Belo Horizonte ; Quando a ciência se une a uma das mais artísticas áreas do conhecimento humano, o resultado pode ir além de oferecer soluções úteis e práticas. Pode ser também bonito. E é isso que se vê no trabalho de doutorado do professor Paulo Baptista, da Escola de Belas Artes da Universidade Federal de Minas Gerais (UFMG). A tese Panoramas da Serra do Espinhaço ; um ensaio de mapeamento fotográfico da paisagem propõe um modelo de interface entre arte e ciência, mais especificamente entre fotografia e preservação ambiental.
A ideia é mais simples do que se pode imaginar: escolhe-se um lugar em meio à paisagem, tira-se uma foto de um ponto específico e arquiva-se a imagem. Junto dela são marcadas a altura em que estava o tripé da máquina fotográfica e a coordenada geográfica em que ele foi montado: latitude e longitude. Depois de algum tempo, cinco ou 10 anos, um fotógrafo volta a esse local, usa essas informações e tira, exatamente, a mesma foto. Com a comparação das imagens é possível fazer uma análise sobre as mudanças ambientais na área. Ou seja, controle ambiental por meio da imagem obtida.
Para Paulo Baptista, o processo é mais fácil por contar com a experiência. Professor de fotografia da Belas Artes da UFMG há mais de 20 anos, ele é fotógrafo de paisagem, com apreço especial pela Serra do Espinhaço. ;Essa área tem uma importância ambiental muito grande e, ensinando, fui percebendo que a fotografia tinha um potencial político enorme;, conta.

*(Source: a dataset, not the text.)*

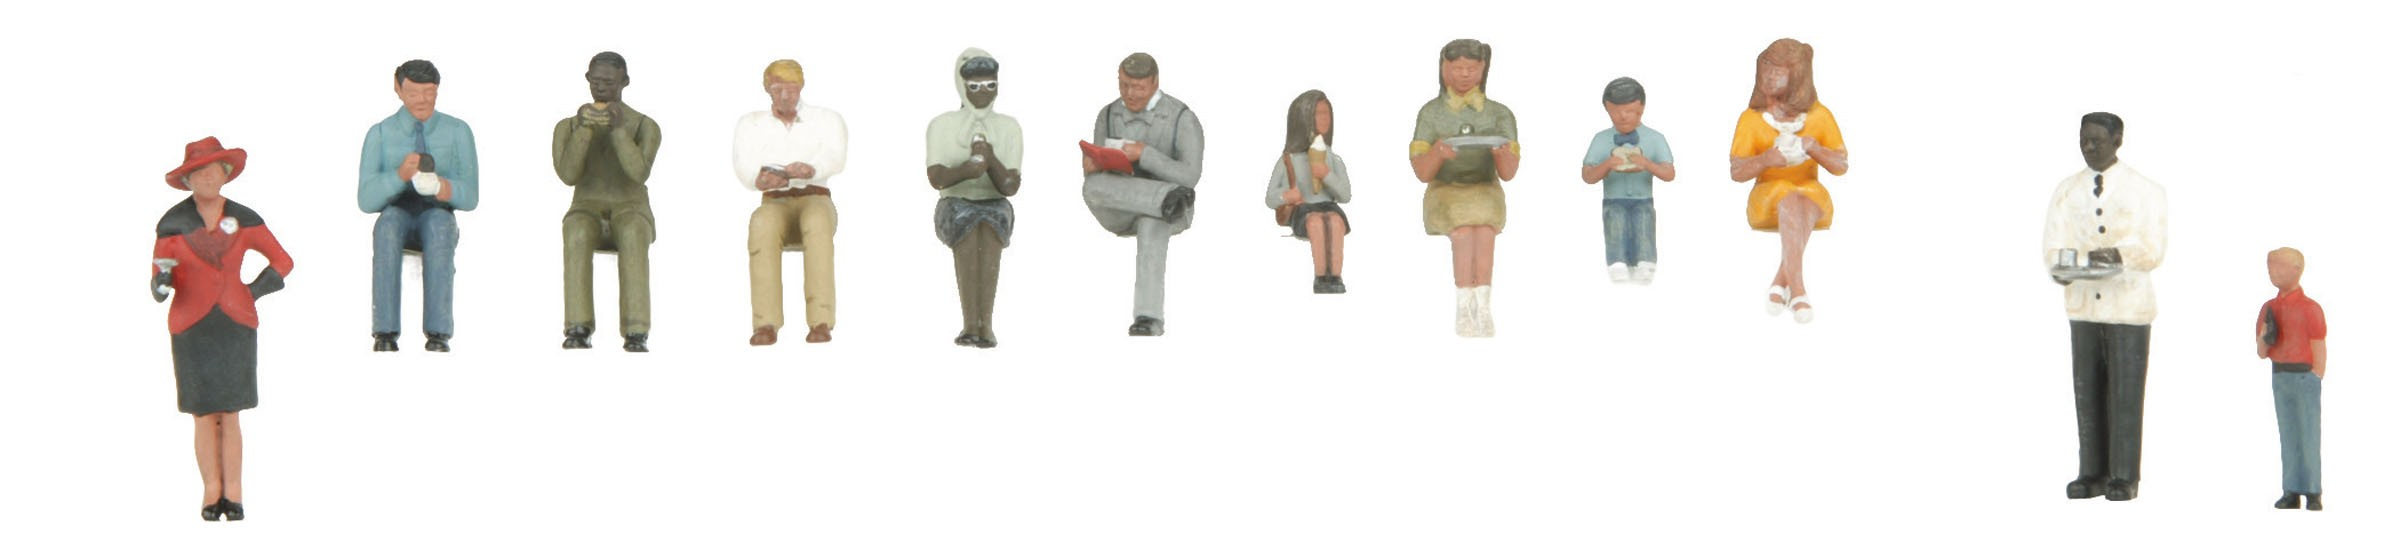 30-11067  Passenger Figure Set #3 - 12 pc

Ele diz que a tese é, essencialmente, uma tentativa de aplicar essa produção fotográfica em outras áreas, como geociência e geografia. ;Usar a fotografia com foco mais aplicado, além da estética;, justifica.
Embora a ideia pareça óbvia, o processo é complexo. Para que as fotos sejam boas, é preciso carregar um equipamento que pode pesar até 15 quilos. Ele inclui tripé, uma máquina fotográfica pesada e seus acessórios, computador portátil e um HD externo. Isso tudo porque, usando as tecnologias atuais, é possível tirar fotografias com altíssima resolução. As imagens podem chegar a 192 megapixels de resolução, o que oferece várias possibilidades. Por exemplo, ao ampliá-las no computador, é possível ver uma única flor que estava a 5km de distância do ponto de onde a foto foi tirada, ou ver o horizonte a até 30km.
Além do equipamento para a fotografia é preciso carregar mapas, bússola e GPS, que ajudam a encontrar as coordenadas geográficas pré-definidas e repetir o ponto exato onde a foto original foi clicada. E é bom se preparar antes, usando possibilidades como o Google Maps e carregar uma cópia da imagem original para comparar os locais.
Caminhar até encontrar o local exato para armar o tripé e posicionar a câmera na altura e ponto ideal leva algumas horas. Como a imagem é digitalizada e precisa ser escaneada em altíssima resolução, o processo entre o clique e o produto final pode demorar até 30 minutos. Resultado: em um dia de trabalho é possível tirar, no máximo, três fotos. Além disso, o método só funciona em imagens estáticas.
Mas o processo pode ser encarado de forma otimista. Uma panorâmica, por exemplo, conta com 10 a 15 imagens numa única foto. Depois de feita uma nova foto, alguns softwares de computador ajudam a calcular a distância e indicam se a original estava mais para a direita ou esquerda, mais para frente ou para trás e faz os ajustes necessários. A partir daí, é só comparar e analisar.
Sob orientação do professor doutor Heitor Capuzzo Filho, a metodologia na tese de Baptista parte do trabalho do fotógrafo americano Mark Klett, no projeto Third View Project. Com base em fotos tiradas em 1860, no Oeste Americano, Klett voltou aos locais das fotos na década de 1970, marcou as coordenadas geográficas e fez novas imagens daqueles pontos. Em 1997, voltou aos lugares e, mais uma vez, registrou as paisagens. O objetivo era entender as mudanças físicas do local e definir suas perspectivas.